Friday 7 July 2017

The Woman in the Wood by Lesley Pearse

The Woman in the WoodThe Woman in the Wood by Lesley Pearse
My rating: 4 of 5 stars

Time taken to read - under 3 days on and off

Pages - 400

Publisher - Penguin

Blurb from Goodreads

Fifteen-year-old Maisy Mitcham and her twin brother Duncan lose their mother to an asylum one night in 1960.

The twins are sent to their grandmother's country house, Nightingales. Cold and distant, she leaves them to their own devices, to explore and to grow. That is until the day Duncan doesn't come home from the woods.

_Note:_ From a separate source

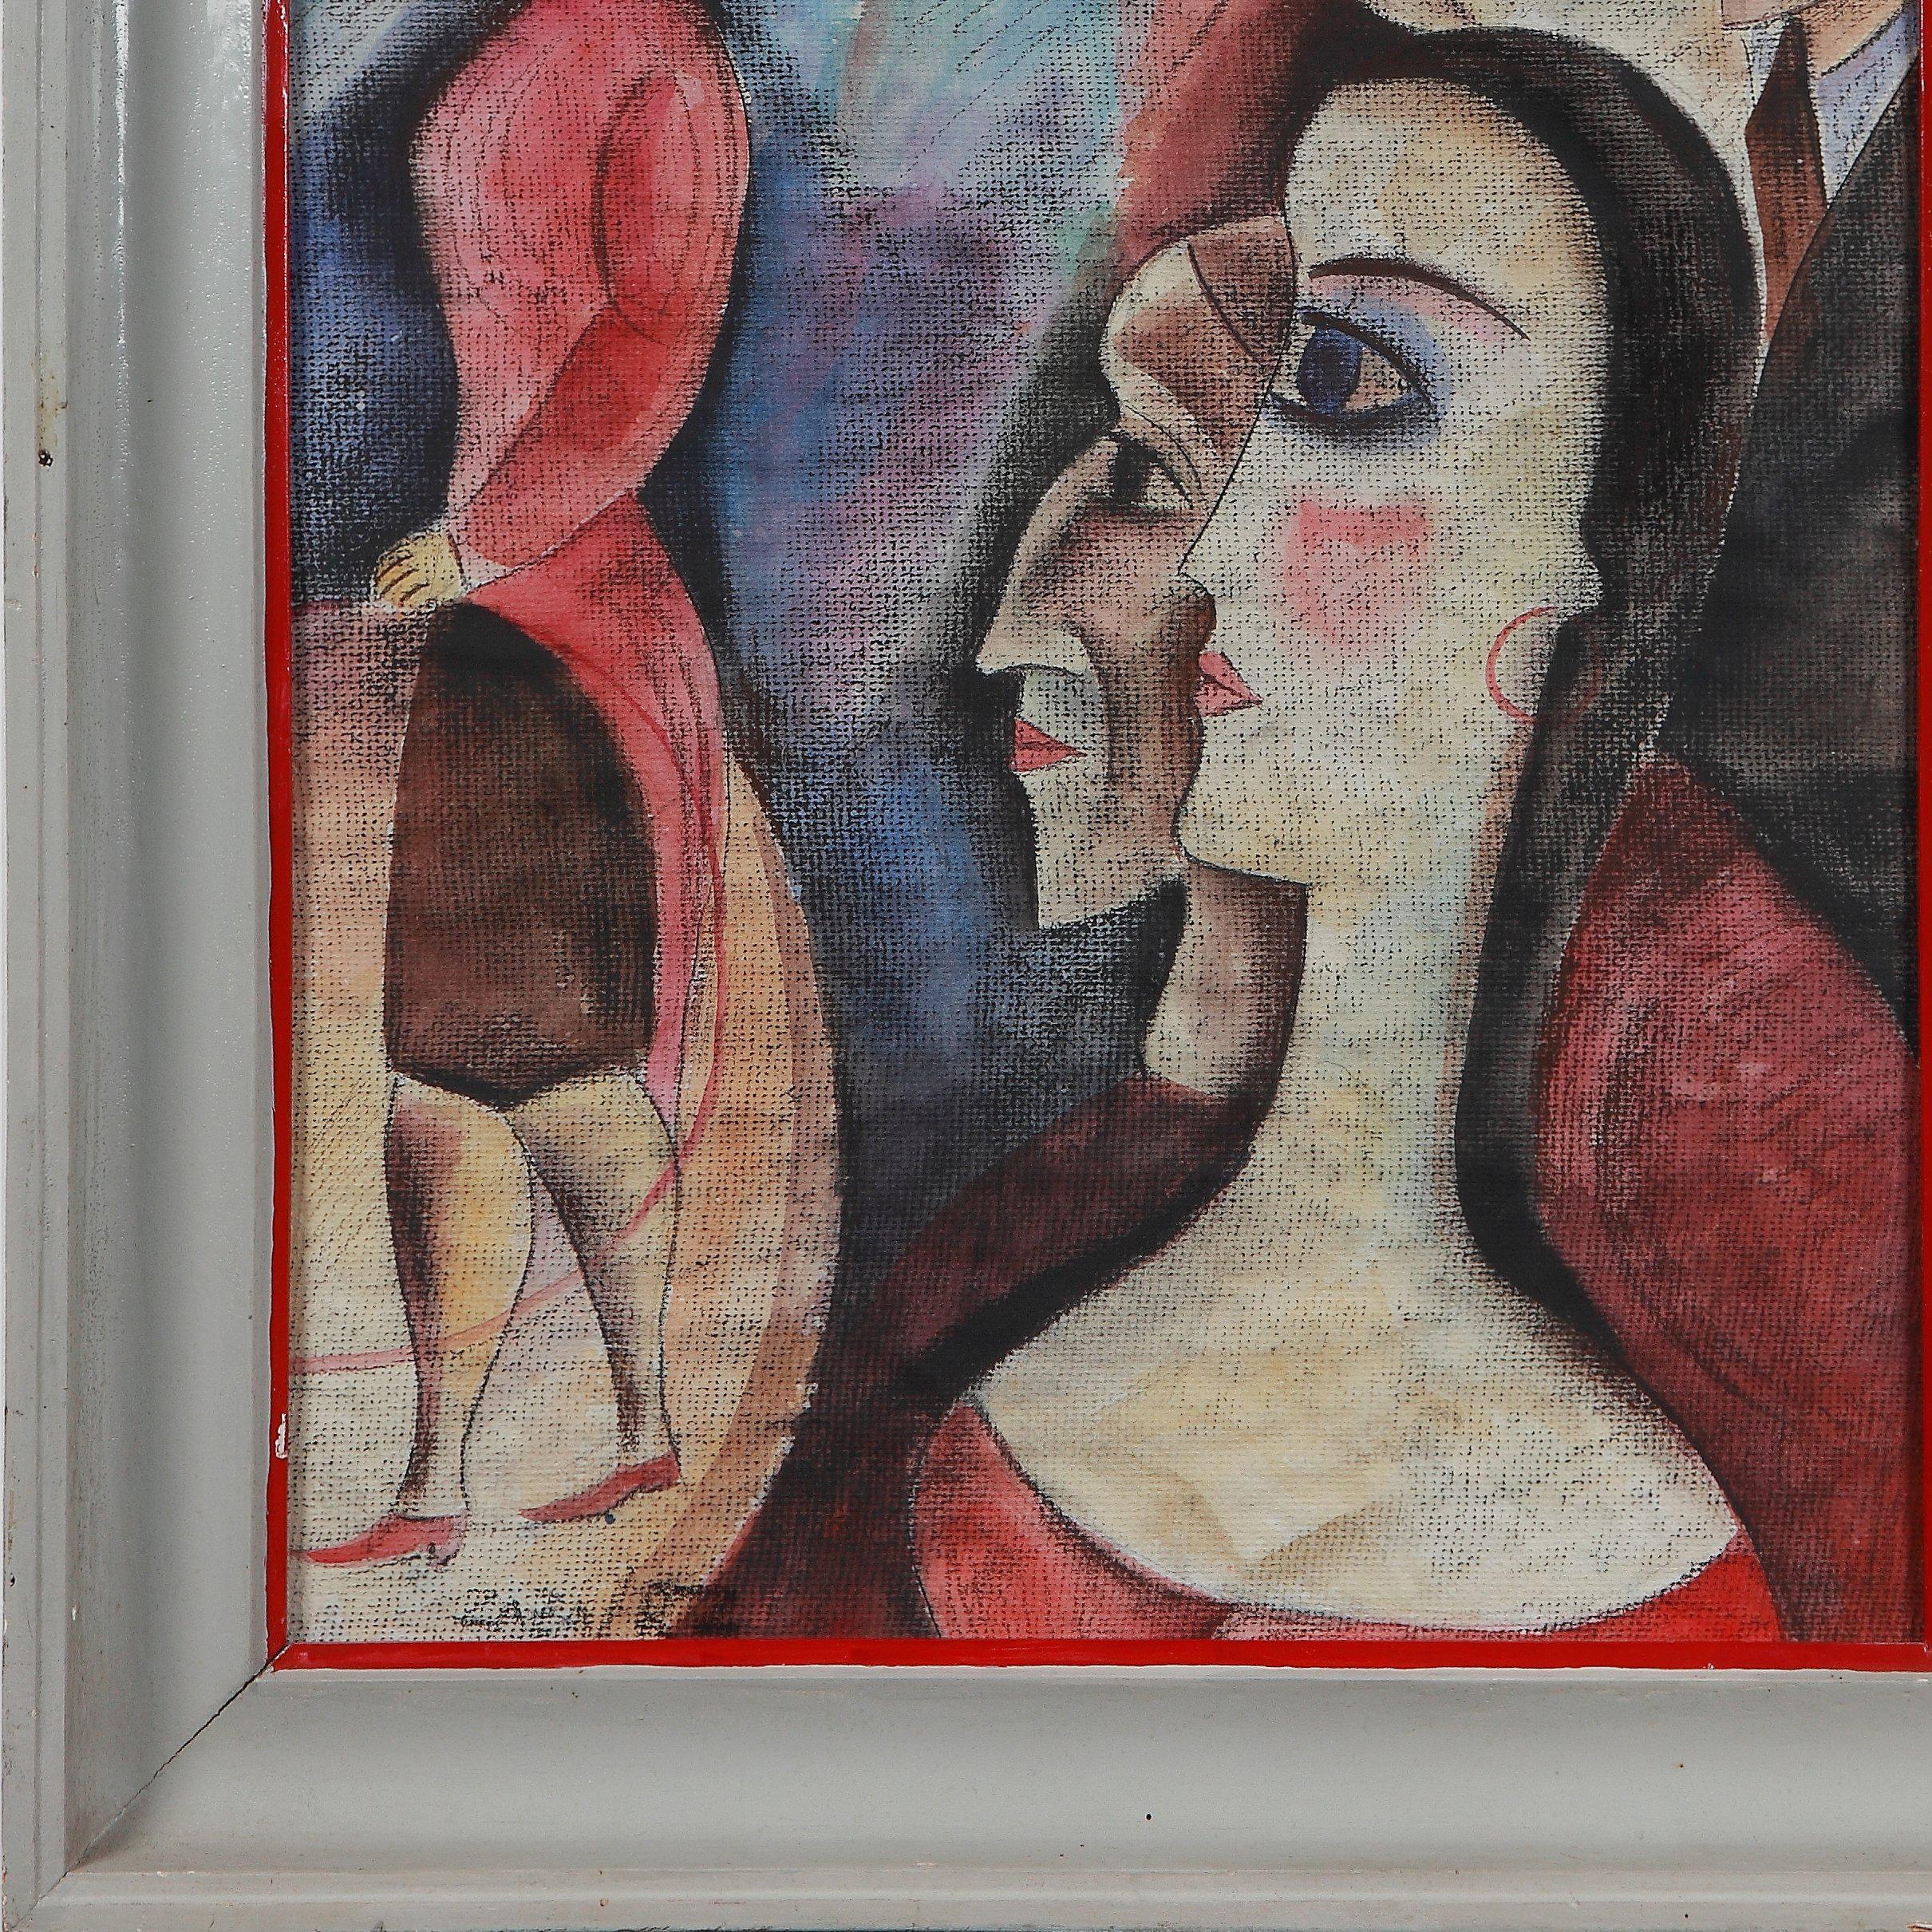 Médias mixtes sur papier. Signé amant à gauche : ZAZA. Daté et méconnaissable. Encadré. Mesures : 26.57 x 15.16 in ( 67,5 x 38,5 cm )

Zaza Tuschmalischvili (née le 15 mai 1960 à Skra, Géorgie) est une peintre géorgienne qui vit et travaille à

With their grandmother seeming to have little interest in her grandson's disappearance, and the police soon giving up hope, it is left to Maisy to discover the truth. And she will start with Grace Deville. A woman who lives alone in the wood, about whom rumours abound . . .

My Review

Maisy and Duncan Mitcham, fifteen years and and about to have their world turned upside down. They always knew their mother was unwell but to be removed from their home and both children sent to live with their elderly grand mother? With everything they know removed, a grand mother as cold as their father who just abandoned them, the twins get to know the people around them. They hear of the woman in the woods, Grace, anti social, withdrawn and down right rude the child are drawn to find out more. An unlikely friendship turns to suspicion when Duncan goes missing, no one seems as bothered as Maisy and Maisy will not settle until she finds out what happened to her brother even if it means bringing danger to herself.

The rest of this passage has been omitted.